La arqueología continúa desvelando los misterios de las antiguas civilizaciones que habitaron el actual territorio peruano. En un reciente proyecto de investigación llevado a cabo en la región de Áncash, se están obteniendo valiosos datos sobre la vida cotidiana y la organización social de la sociedad Huaylas, que floreció en el Callejón de Huaylas durante el Periodo Intermedio Tardío. Este esfuerzo académico, que se desarrolla en la Cordillera Negra, busca enriquecer nuestro entendimiento sobre estas poblaciones prehispánicas.
El equipo de investigación, conformado por académicos, docentes y estudiantes de la Universidad Nacional Santiago Antúnez de Mayolo (Unasam), se dedica a realizar excavaciones sistemáticas que permiten el análisis de materiales arqueológicos. Este enfoque integral no solo busca rescatar artefactos del pasado, sino también complementarlos con información histórica proveniente de documentos de la época, permitiendo así una visión más completa de la cultura Huaylas. La labor se desarrolla con el respaldo de la población local, lo que resalta la importancia de la colaboración comunitaria en el ámbito de la investigación científica.
El proyecto, titulado "Los contextos domésticos y las dinámicas socioculturales de las sociedades del Callejón de Huaylas durante el Periodo Intermedio Tardío en la Cordillera Negra–Huaraz", se centra en cinco sitios arqueológicos específicos dentro de la Comunidad Campesina de Huamarín. Este enfoque permite a los investigadores no solo descubrir artefactos, sino también comprender las interacciones sociales y económicas que daban forma a la vida de los antiguos habitantes de la región. La dirección del proyecto está a cargo del Mag. Ilder Cruz Mostacero, quien ha destacado la relevancia de generar evidencias científicas que ayuden a contextualizar la historia de la sociedad Huaylas.
La investigación ha sido autorizada por el Ministerio de Cultura mediante una resolución oficial, que permite la realización de estudios arqueológicos por un período de un año. Esta autorización formal es crucial para garantizar que las excavaciones se realicen de acuerdo con los estándares científicos y éticos, lo que asegura la preservación del patrimonio cultural. Las actividades de campo incluyen no solo excavaciones, sino también el registro detallado de cada hallazgo, lo que resulta fundamental para las futuras evaluaciones y análisis dentro del marco científico.
Uno de los aspectos más significativos de este proyecto es la formación académica que brinda a los estudiantes involucrados. La participación directa de futuros profesionales en el ámbito de la arqueología no solo contribuye a su desarrollo personal y profesional, sino que también enriquece el acervo científico regional. Esta conexión entre la educación y la investigación es esencial para el avance del conocimiento arqueológico en Perú, donde la historia y la cultura son vastas y complejas.

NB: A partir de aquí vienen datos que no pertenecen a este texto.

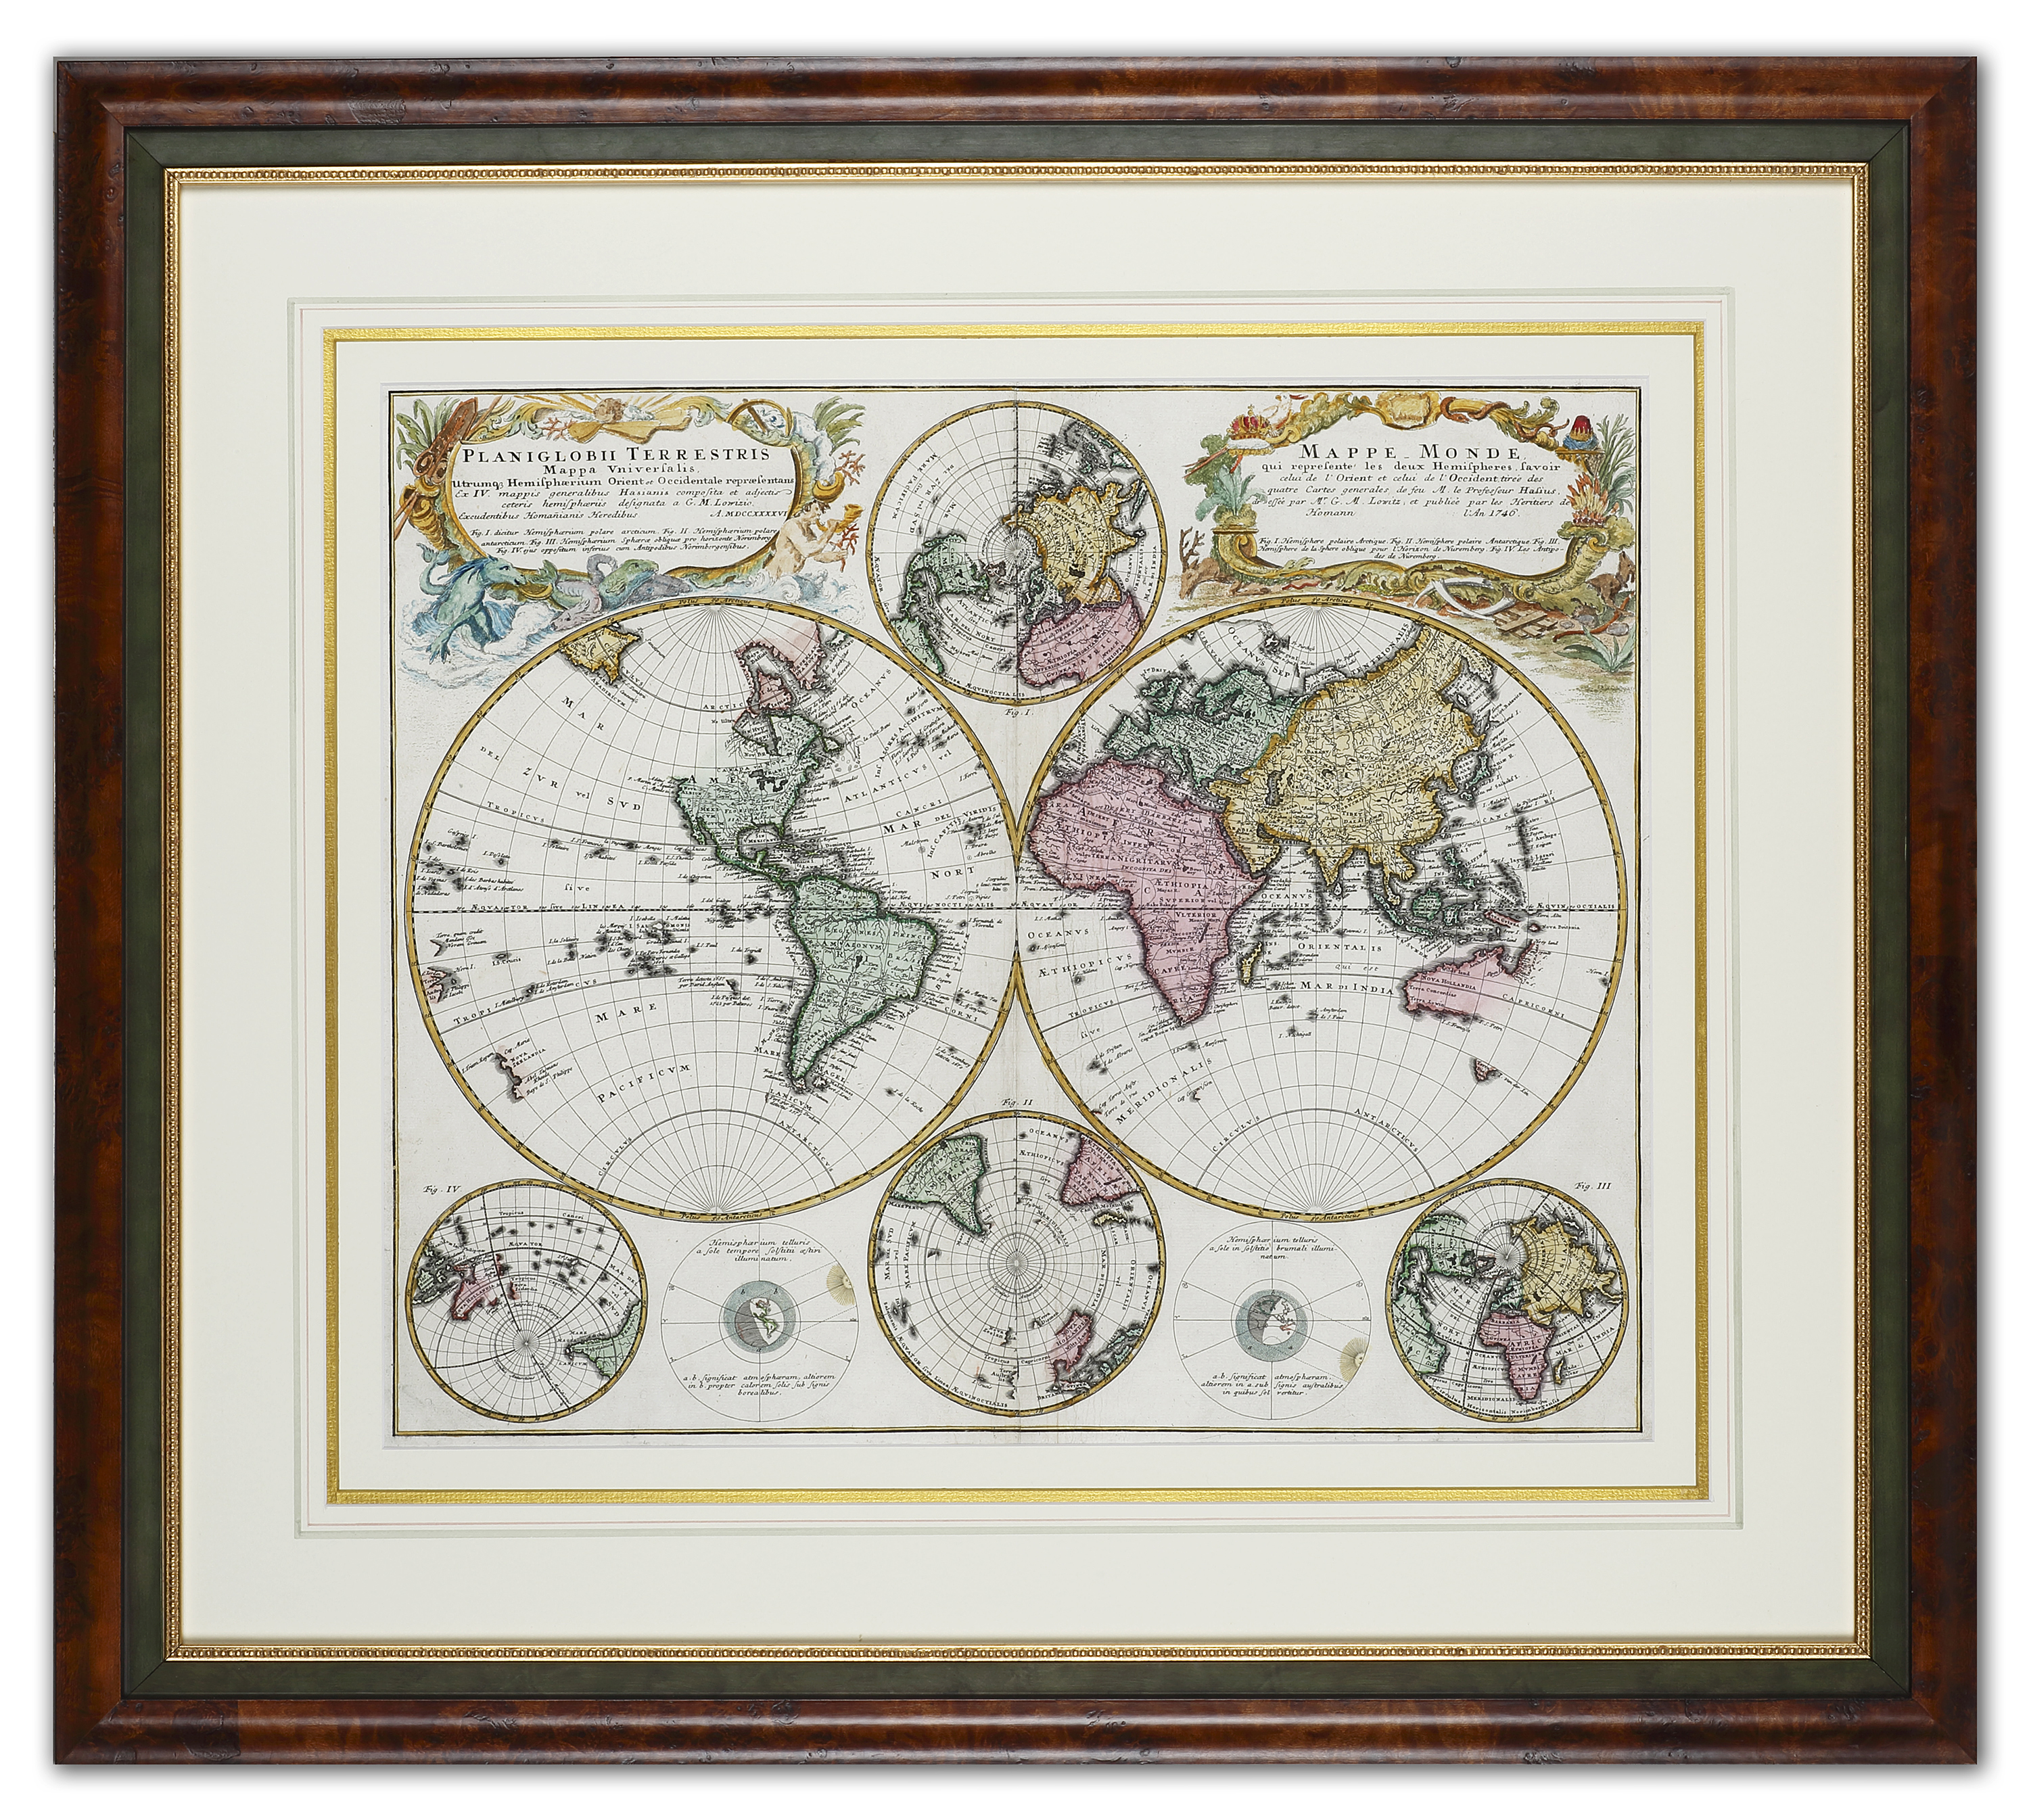 Planiglobii Terres Tris Mappa Universalis. /  Mappe-Monde qui Represente les Deux Hemispheres Favoir - Antique Map from 1746

El Mag. Ilder Cruz Mostacero ha subrayado que uno de los principales objetivos es profundizar en el entendimiento de la sociedad Huaylas a través de las evidencias recolectadas. La información obtenida de excavaciones arqueológicas se considera fundamental para conocer mejor las dinámicas sociales, económicas y culturales de esta antigua civilización. A medida que el proyecto avanza, se espera que se revelen nuevos hallazgos que no solo resalten la importancia de la sociedad Huaylas, sino que también aporten un valor significativo al conocimiento histórico de la región y del país en su conjunto.